Examples of these problems are shown in Example 6-13. The first two show warning messages produced on FreeBSD and the final entry shows a buggy telnet client on AIX 4.3.
v6host% rsh www.example.com echo hello connect to address 2001:db8::3210: Connection refused Trying 10.11.12.15... hello v6noroute% ssh www.example.com ssh: connect to address 2001:db8::3210 port 22: No route to host [email protected]'s password: Last login: Wed Oct 23 16:04:03 2002 from v6host www.example.com% aix% telnet www.example.com Trying... telnet: connect: No route to host aix% telnet 10.11.12.15 Trying... Connected to 10.11.12.15. Escape character is '^]'. FreeBSD/i386 (www.example.com) login:
Note that IPv4 only users should never see any of these problems, as they will ignore IPv6 entries in the DNS.
It is also worth checking that your DNS Secondary servers support any new record types you are using. AAAA records are supported by most nameservers, so this shouldn’t be a problem. Some of the more exotic types, such as A6, might not be supported—this could result in a secondary nameserver becoming “lame.”
One other interesting question is the topic of updating
addresses that you put in the DNS. In the case of static manual
addressing or static DHCPv6 the addresses can be managed in the same
way as IPv4 addresses always have been, because they are presumed
constant enough to advertise.[6] However, if you are using IPv6 autoconfiguration then
address changes may be more frequent—a change of Ethernet card or
motherboard may result in a change of address. It may be
particularly important to consider this when the address will be
written in a configuration file. For example, to fully update an NS
record you may have to contact a local registrar to update glue.

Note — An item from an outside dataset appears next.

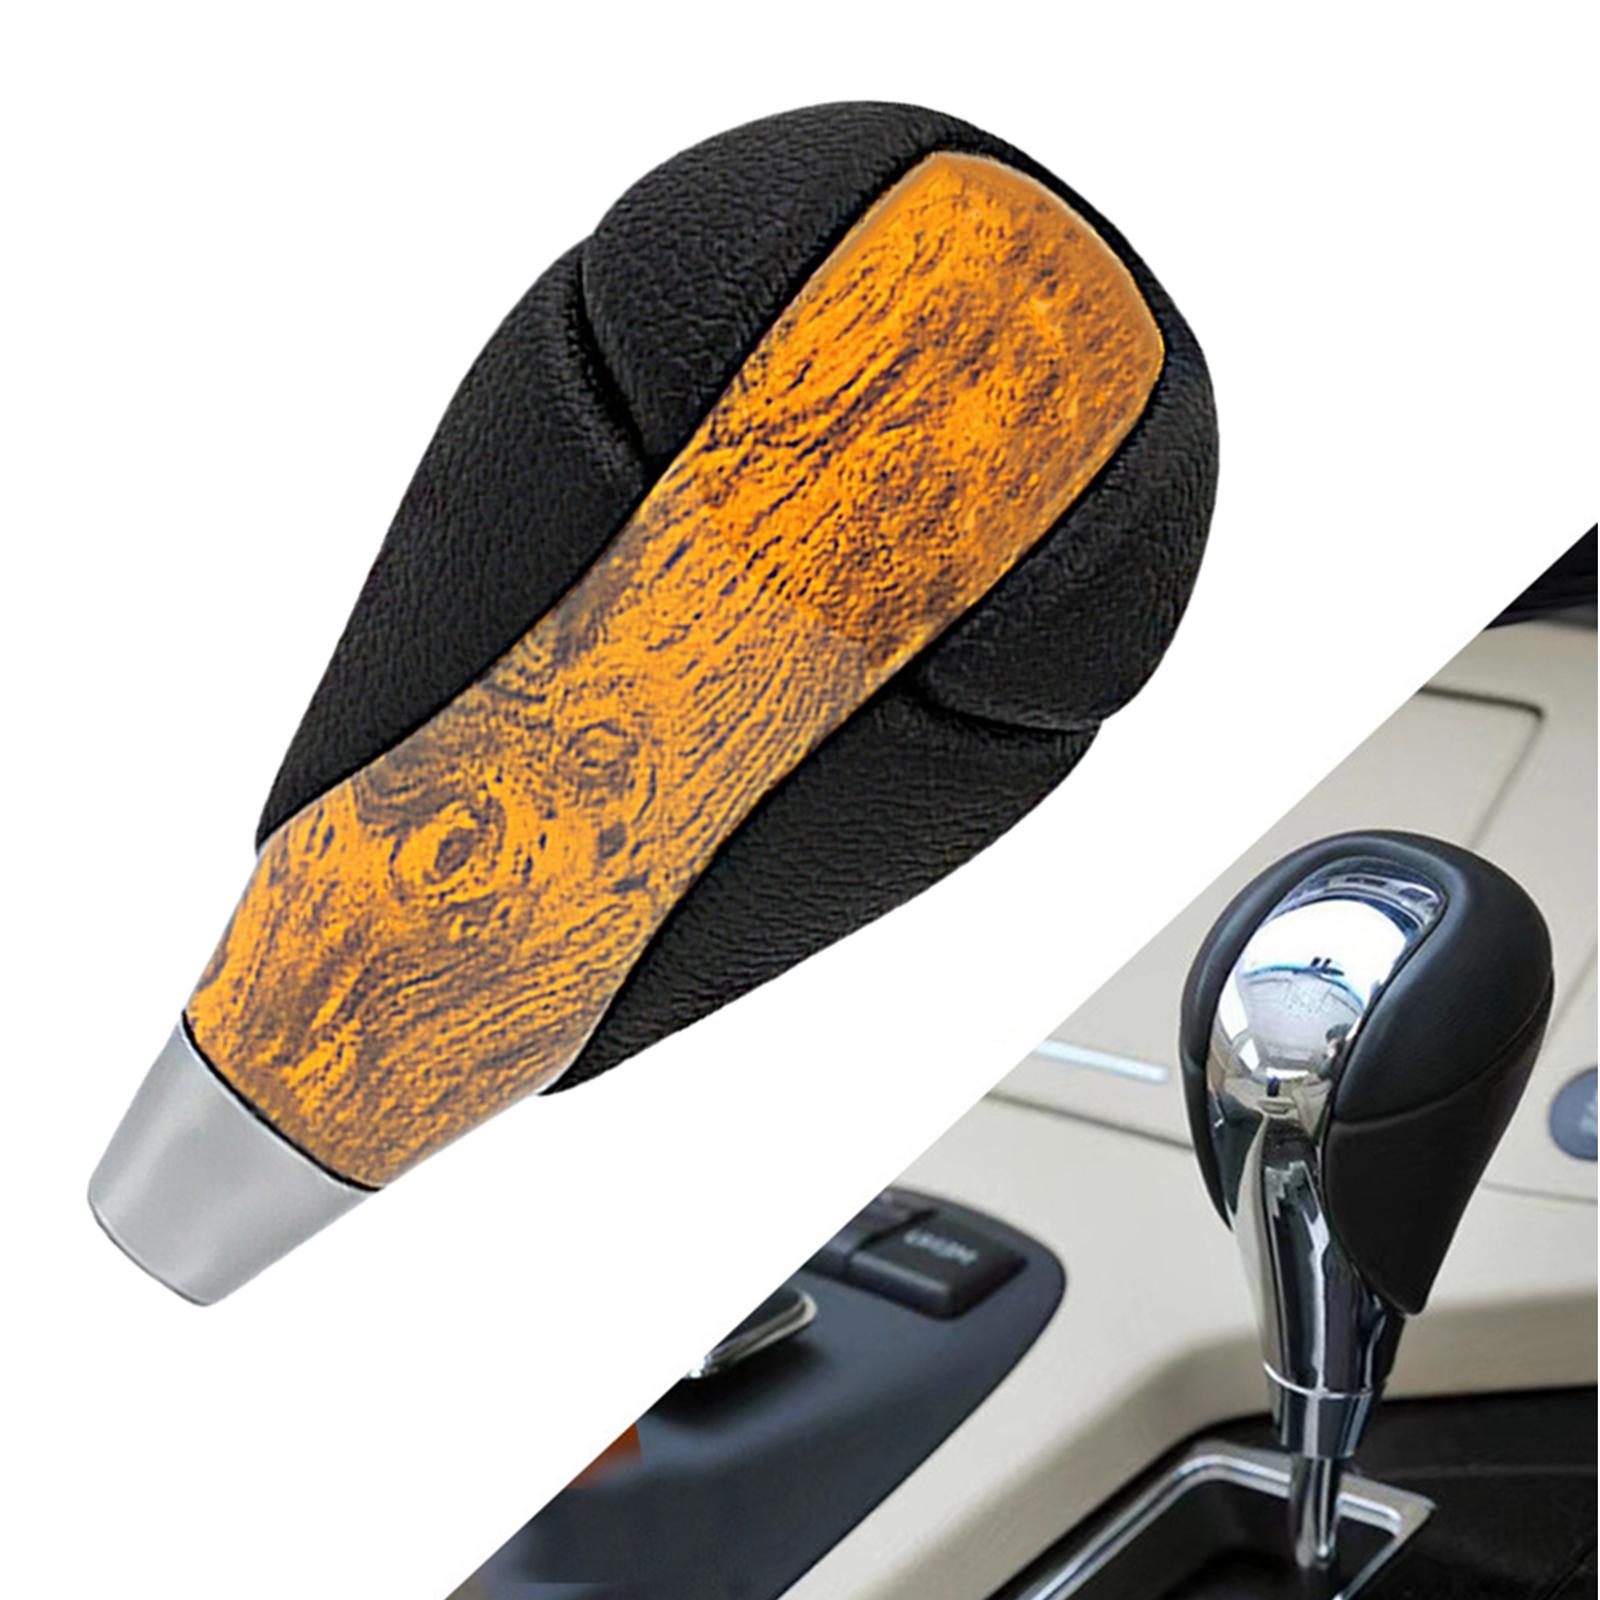 Car Gear Shift Knob PU Leather for Toyota Lexus ES300 GS300 IS250 LS460 Yellow
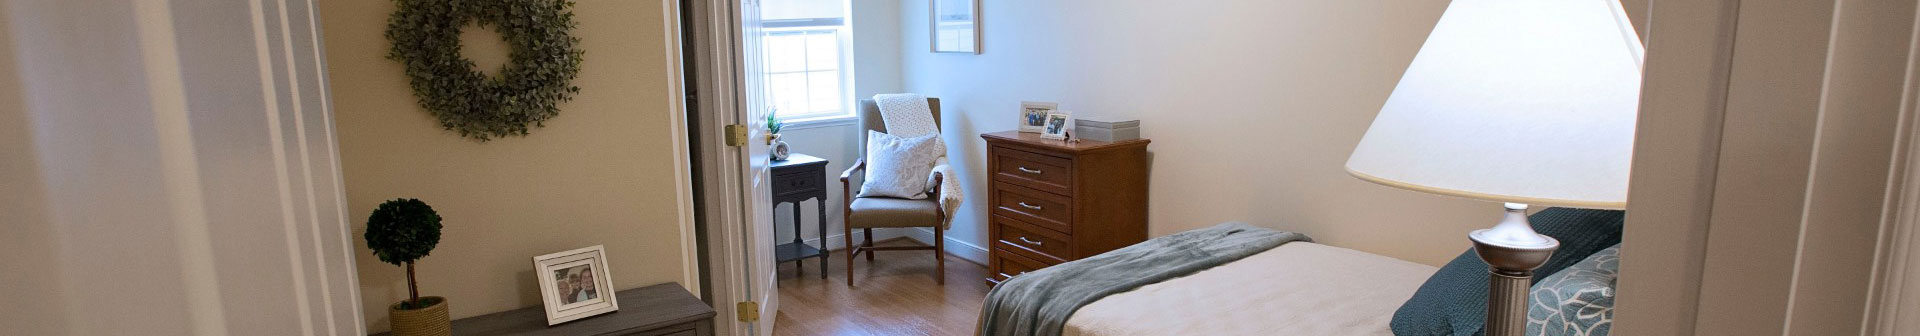 cropped image of a memory care suite at Artis of West Shore

Likewise for recursive DNS servers, where the address may be
manually entered into many resolv.conf files. In fact, it might be
useful to dedicate a whole /64
to
a single authoritative or recursive DNS server. This makes it easy
to move such servers within your routing infrastructure, since a /64
can be advertised much more cleanly than multiple /128’s, and also
facilitates anycast DNS service.
Finally, we would recommend resisting any temptation you might feel to put link-local, site-local or any sort of local addresses in the public DNS; it can only lead to confusion and unpleasant surprises. There are ongoing discussions about how this might be made useful and meaningful, but it is far from clear what the eventual conclusion will be.
IPsec is a security system operating at a low level common to both IPv4 and IPv6. It has only recently risen out of relative obscurity with the advent of commonly-available virtual private networks (VPNs), but is deserving of more attention than it gets since it attempts to solve the key security problem of today: application independent encryption and authentication of data. In essence it munges headers and encrypts data packets to provide the following services:
The Authentication Header (AH) provides a way to check that a packet came from a given source and that it has not been modified in transit.
The contents of packets may be encrypted, preventing people from determining their contents. This is provided by a protocol called Encapsulating Security Payload (ESP).
Both of these services use shared secret keys. These keys can be manually configured, but automatic configuration is generally more flexible, so IPsec defines a protocol for the management of these keys. This allows the use of certificates for the generation and authentication of these shared secrets. IPsec also defines a compression protocol to get around the problem that encrypted traffic is rarely compressible.
To reiterate a point from Section 3.9, the important aspect of IPsec is that it operates far below the application layer. Combined with the system-wide configurability of IPsec, this means it can be used to provide security services to legacy applications. Its use is also required for aspects of Router Renumbering and Mobility, because of the unpleasant security implications of using them in an unauthenticated setting.
The main body of IPsec is defined in RFC 2401. Other RFCs give specific details of the component protocols.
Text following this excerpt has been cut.